Vigildo "Gido" Babilonia

Personal information
- Born: August 19, 1966 Quezon, Philippines
- Died: January 14, 2007 (aged 40) Pasig, Philippines
- Listed height: 6 ft 6 in (1.98 m)
- Listed weight: 200 lb (91 kg)

Career information
- High school: Letran (Manila)
- College: UST
- PBA draft: 1990: 1st round, 4th overall pick
- Drafted by: Purefoods Hotdogs
- Playing career: 1990–2002
- Position: Center

Career history
- 1990: Purefoods Hotdogs
- 1991: Shell Rimula X Oilers
- 1992–94: 7-Up Uncolas/Pepsi Mega Bottlers
- 1995–96: San Miguel Beermen
- 1998–99: Pasig Blue Pirates
- 2000–01: Mobiline Phone Pals
- 2002: FedEx Express

= Gido Babilonia =

Filipino basketball player

Vigildo Quezon T. Babilonia (August 19, 1966 – January 14, 2007) was a Filipino basketball player in the Philippine Basketball Association (PBA).

==High School/College Career==
Babilonia played for the Letran Squires under Coach Fred Reyes from 1981 to 1984. Despite the team's height advantage—four players standing above six feet—and a talented back court (Alfrancis Chua, Eric Enad, Elmer Bolabola, Raymond Reyes), the Squires lost to the Trinity College Baby Stallions in the 1984 NCAA junior division finals. He was named MVP of the NCAA junior division in 1984.

Together with Alfrancis Chua, he moved to the University of Santo Tomas and played with the Glowing Goldies where he was part of UST's “Triple Tower” in the 1980s, together with Bobby Jose and future UST Growling Tigers assistant coach Rabbi Tomacruz and dominated the UAAP.

==Professional career==
After finishing his amateur career with a stint in the national team and as part of the PABL champion Magnolia Ice Cream. Gido turn pro in 1990 and was the only rookie of the talent-laden roster of Purefoods Hotdogs that season. He was the Hotdogs' third big man and would be sent in only when Jerry Codiñera and Jack Tanuan were to be relieve.

He was traded by Purefoods to Shell for the Turbo Chargers' first round pick in the 1991 PBA draft. Babilonia was hardly utilized and having to share exposure with Benjie Paras. Gido played for his third team the following year when Shell shipped him to Pepsi Hotshots, where he was reunited with his former coach Derrick Pumaren.

Gido was promoted to starting center at Pepsi following the trade which sent Manny Victorino to Ginebra and Abet Guidaben moving to Shell. Babilonia improved a lot in manning the slot. In 1994, Gido almost called it quits after a doctor diagnosed him of a heart problem. He was later given a clean bill of health enabling him to return to the Pepsi roster.
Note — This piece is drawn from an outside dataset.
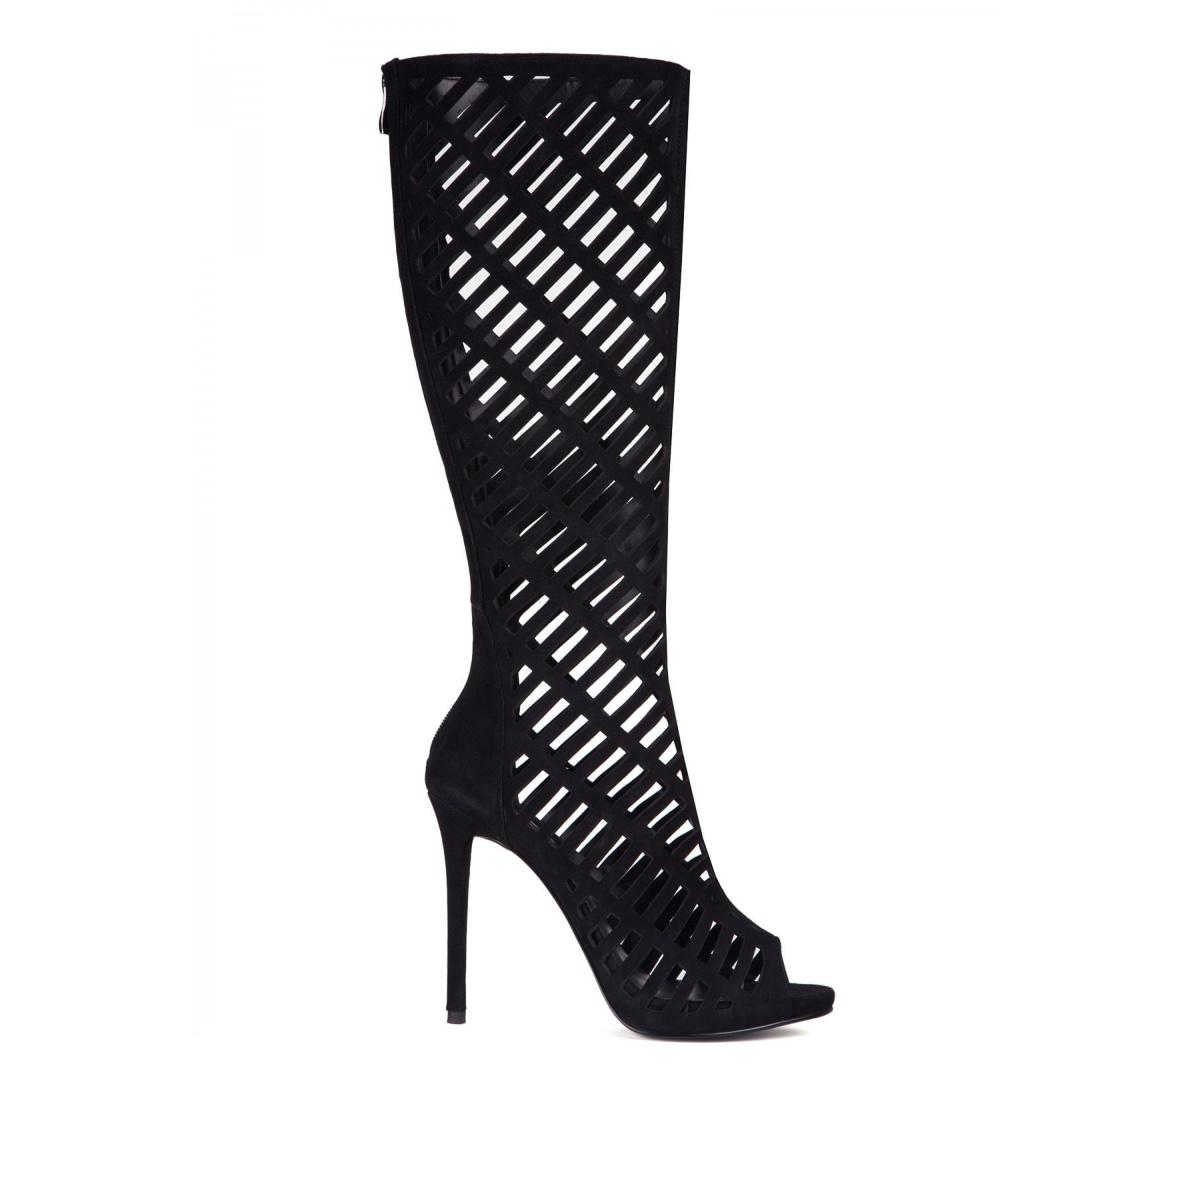 Sandale negre inalte din piele intoarsa perforata Negru

In 1995, he was traded by Pepsi to San Miguel in exchange for Kevin Ramas during the pre-season. Gido was a starting unit for the Beermen for two seasons.

He resurfaced in the newly formed Metropolitan Basketball Association in 1998. Gido was averaging in double figures for the first time in his pro career and was the Pasig Blue Pirates' top big man for two seasons. He made a comeback in the PBA in 2000 and played for Mobiline Phone Pals and in his final year with FedEx Express.

Babilonia had PBA career averages of 21.3 minutes, 4.7 points and 4.5 rebounds in a 10-year career.

==Personal life==
His father is Pablito Babilonia. He was married to Narissa Cheryl, and they have 3 children, namely, Thomas Isiah, former Ateneo Blue Eagle cager Gideon Ira and Seth Isaac. He was close friends with the Pumaren brothers, Dindo, Franz and Derrick.

==Death==
Babilonia was rushed to the hospital in the early hours of January 12, 2007 after he complained of chest pain and vomiting. Two days later, he died around 4:20 a.m. at the Medical City hospital in Pasig due to embolus (pulmonary) blood clot rupture. He was 40. According to his father, Pablito, he had not had a medical check-up for two years. Furthermore, his father added that he had been really dedicated to his work as assistant coach in the University of the East and his business (B&B Fish Dealer) that he overlooked his health.

His remains were laid to rest at the Holy Garden Memorial Park in Antipolo.